# Is there a security attention key in FreeBSD?



## shinchan (Jun 16, 2016)

I'm wondering if there's a secure attention key that aims to prevent a fake login from stealing account passwords in FreeBSD, similar to the `Ctrl+Alt+Del` sequence in Windows.
Also, how much improvement can such a sequence actually bring in terms of security?


----------



## kpa (Jun 16, 2016)

I've never heard of the ctrl+alt+del sequence being referred to as a "security feature" in windows. I have absolutely no idea what you're talking about really.


----------



## shinchan (Jun 16, 2016)

kpa said:


> I've never heard of the ctrl+alt+del sequence being referred to as a "security feature" in windows. I have absolutely no idea what you're talking about really.


It should be 'secure attention key', my mistake. I read about it on https://en.m.wikipedia.org/wiki/Secure_attention_key , and I understand it as a security feature, am I wrong with that?


----------



## kpa (Jun 16, 2016)

Sounds like a nice feature in theory but how is first pressing a keyboard sequence any different from just typing/selecting your user name and entering your password? If you assume that parts of the system are compromised how can you trust the supposedly "secure" login system?

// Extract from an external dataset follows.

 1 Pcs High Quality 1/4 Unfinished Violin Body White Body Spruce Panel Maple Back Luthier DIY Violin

I kinda get what the wikipedia article talks about but that would require special hardware support for displaying a login that can not be tampered with because it's triggered by the special key combination trough the hardware and can not be interfered by the operating system. FreeBSD has no support for such mechanism afaik.

Any software solution wouldn't be secure because you would then have to ask the classic question "who watches the watchers" to convince yourself that the solution is secure and you know where that leads.


----------



## shinchan (Jun 16, 2016)

kpa said:


> Sounds like a nice feature in theory but how is first pressing a keyboard sequence any different from just typing/selecting your user name and entering your password? If you assume that parts of the system are compromised how can you trust the supposedly "secure" login system?
> 
> I kinda get what the wikipedia article talks about but that would require special hardware support for displaying a login that can not be tampered with because it's triggered by the special key combination trough the hardware and can not be interfered by the operating system. FreeBSD has no support for such mechanism afaik.
> 
> Any software solution wouldn't be secure because you would then have to ask the classic question "who watches the watchers" to convince yourself that the solution is secure and you know where that leads.

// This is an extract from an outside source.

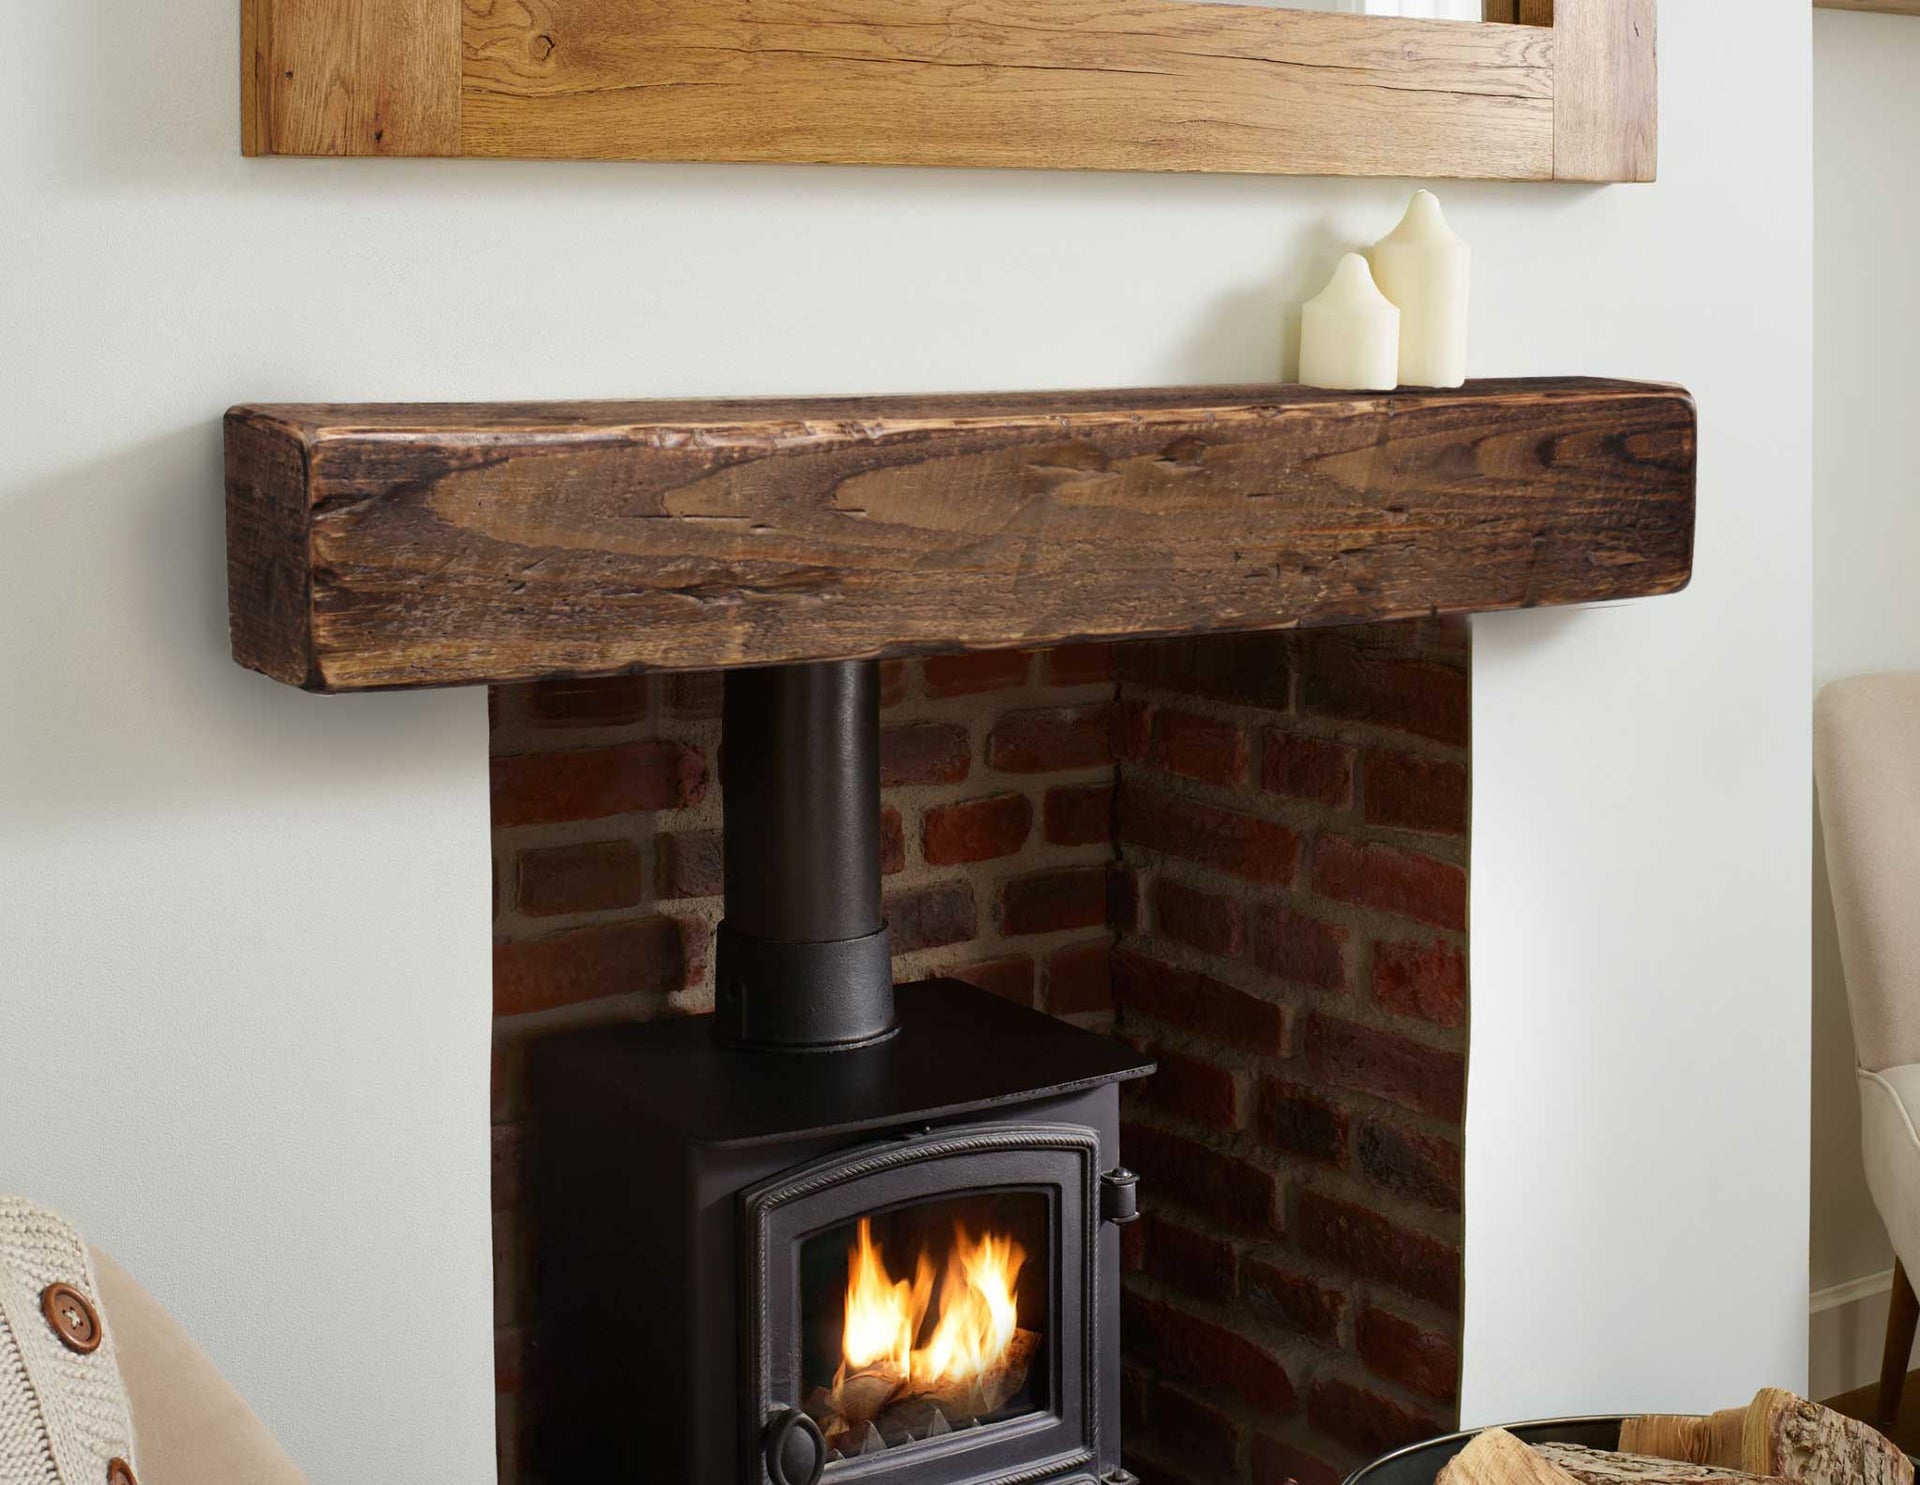 Top 5 Accessories for Your Fireplace Mantel

From what I understand, the feature is only for the case where a normal user (as opposed to the root) is compromised, with the intruder still unable to change how the kernel reacts to `Ctrl+Alt+Del`, and hungrily waiting for the next `su`.

I think the difference between typing a special key sequence and username/password is that: the kernel does not know whether a user is entering a username/password, so it have to forward the keystrokes to the program(maybe a fake login) waiting for the input; while the kernel could simply invoke a predefined program if a secure attention sequence is detected.


----------



## ANOKNUSA (Jun 17, 2016)

shinchan said:


> Also, how much improvement can such a sequence actually bring in terms of security?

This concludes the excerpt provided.